### The problem
In your copy of the data, include no pictures and alter nothing else.

### Data segment
======

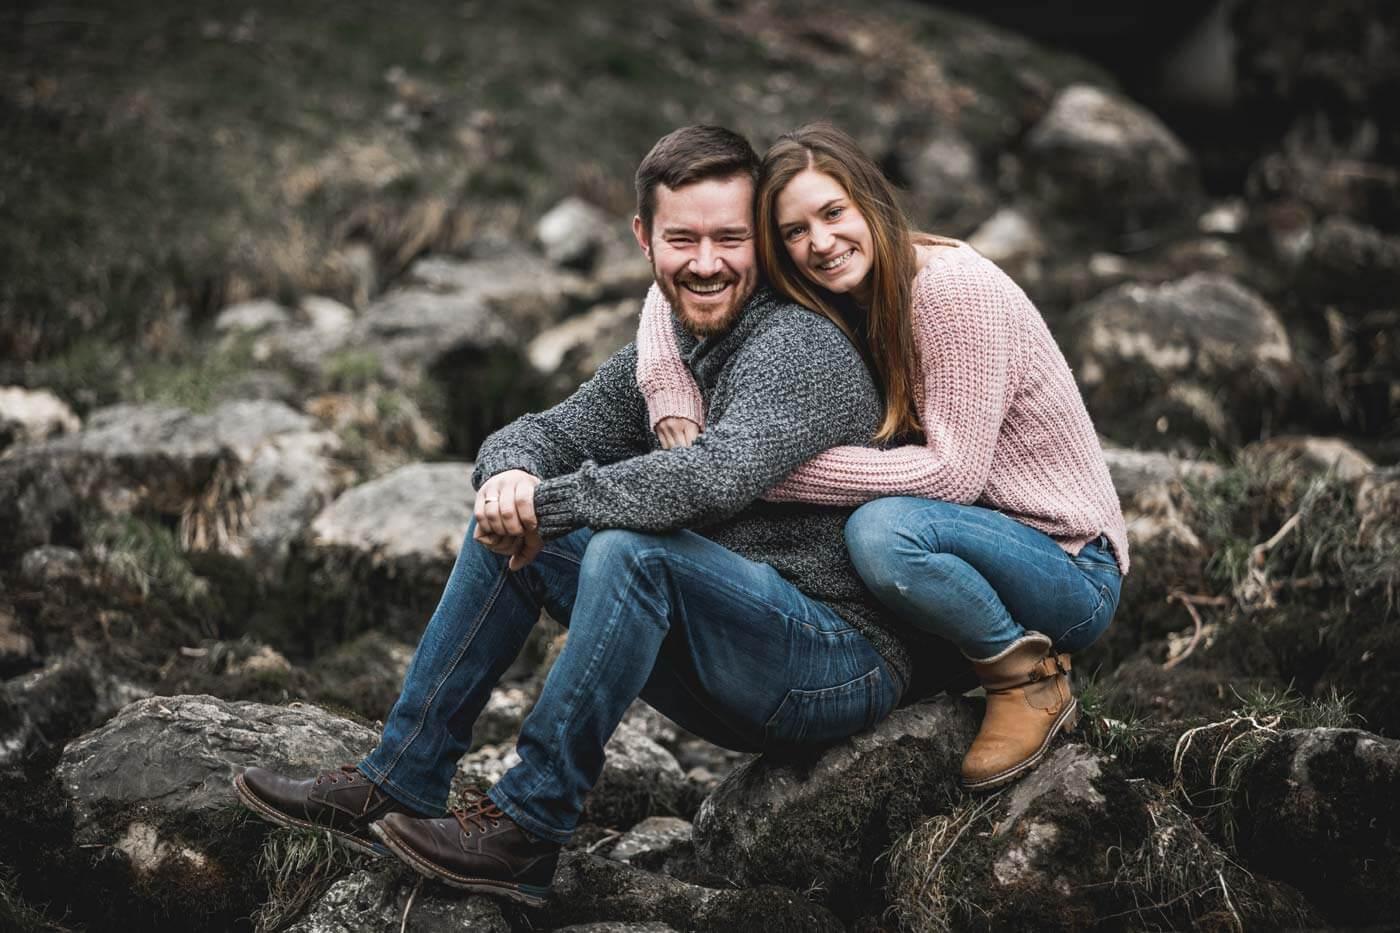 Bilder zur Verlobung
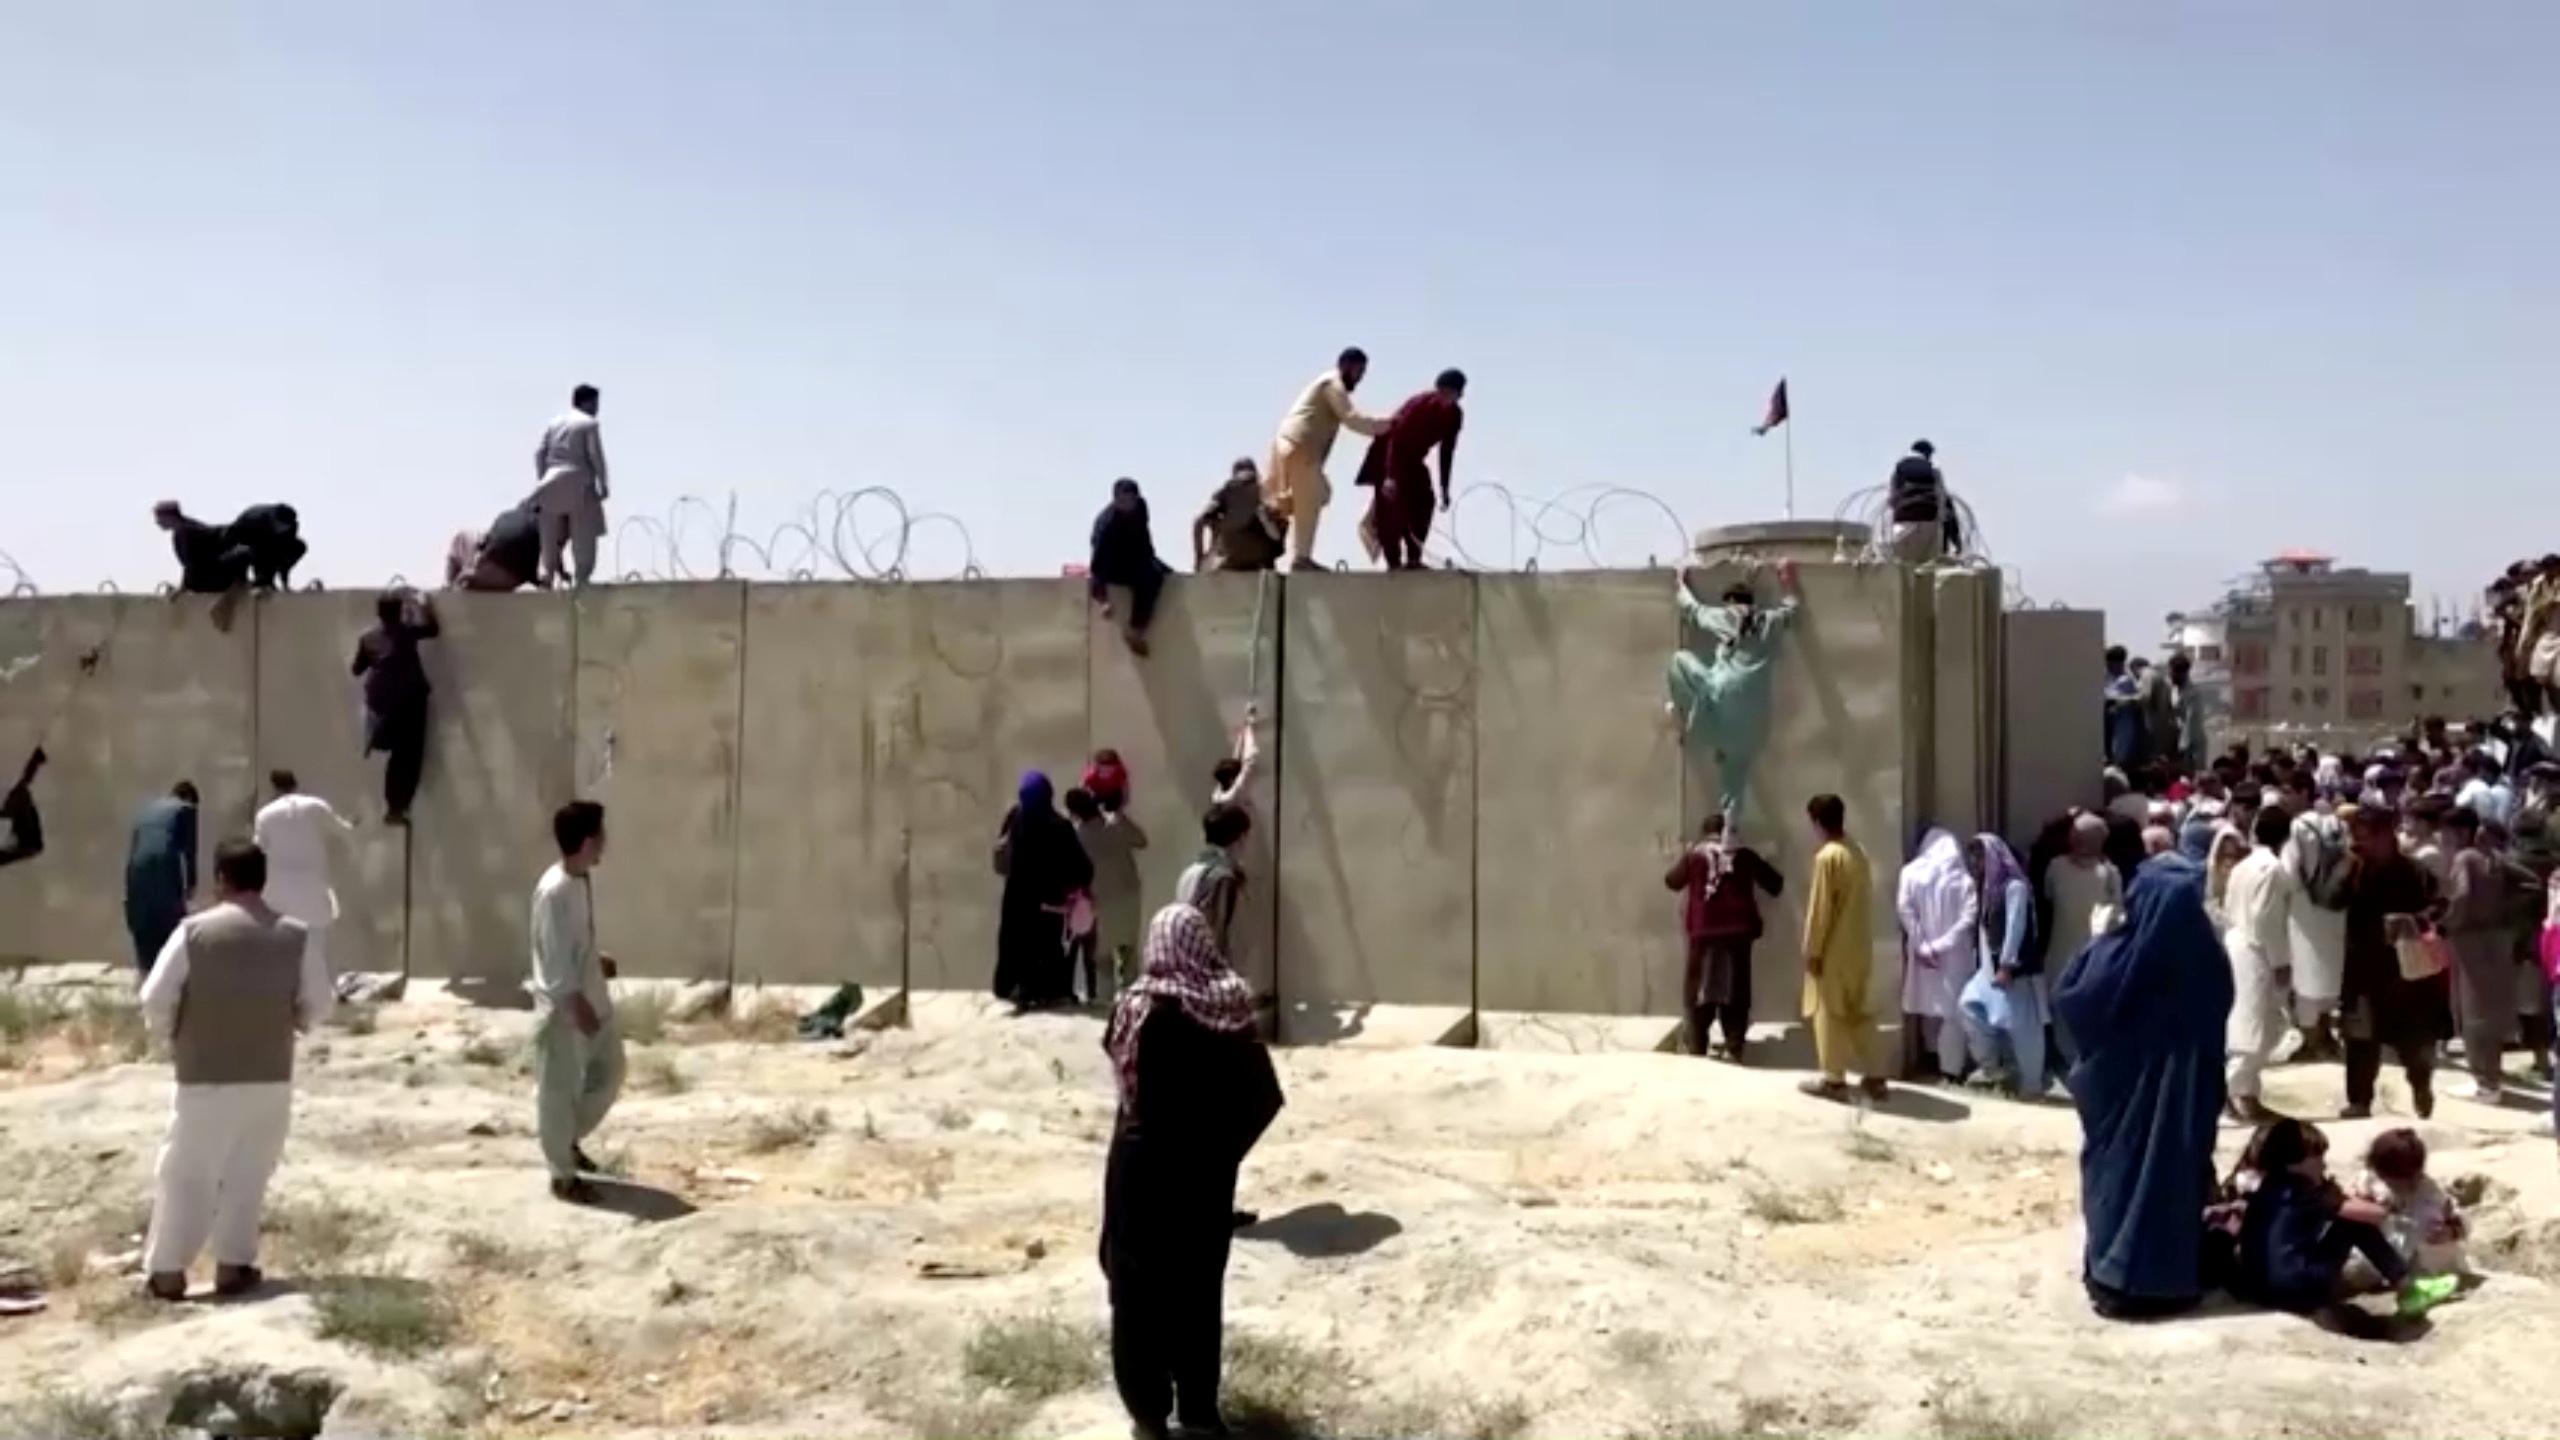 Οι Ταλιμπάν δεν θα έχουν πρόσβαση στα αποθέματα της αφγανικής κεντρικής τράπεζας στις Ηνωμένες Πολιτείες
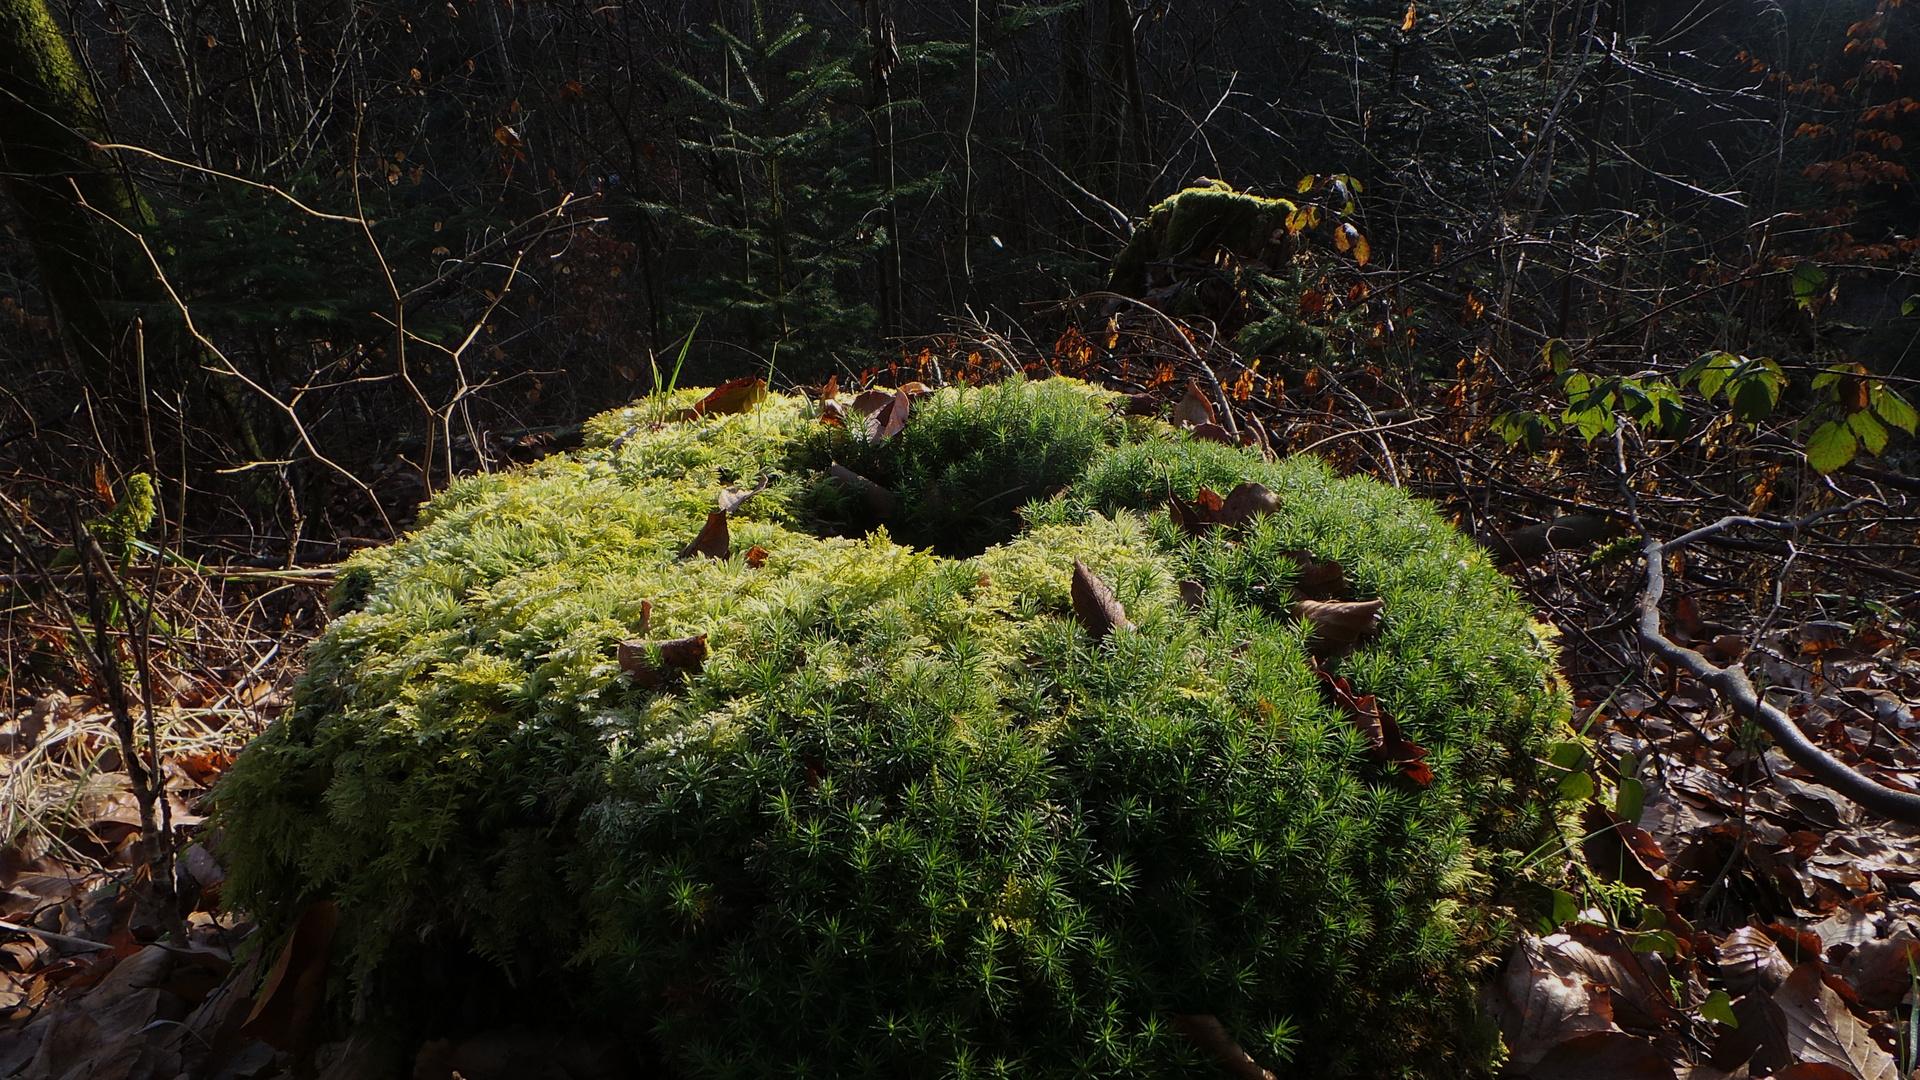 osternest 2014 ebbes bälder im wald gefunden

======

### Response area
 Bilder zur Verlobung
 Οι Ταλιμπάν δεν θα έχουν πρόσβαση στα αποθέματα της αφγανικής κεντρικής τράπεζας στις Ηνωμένες Πολιτείες
 osternest 2014 ebbes bälder im wald gefunden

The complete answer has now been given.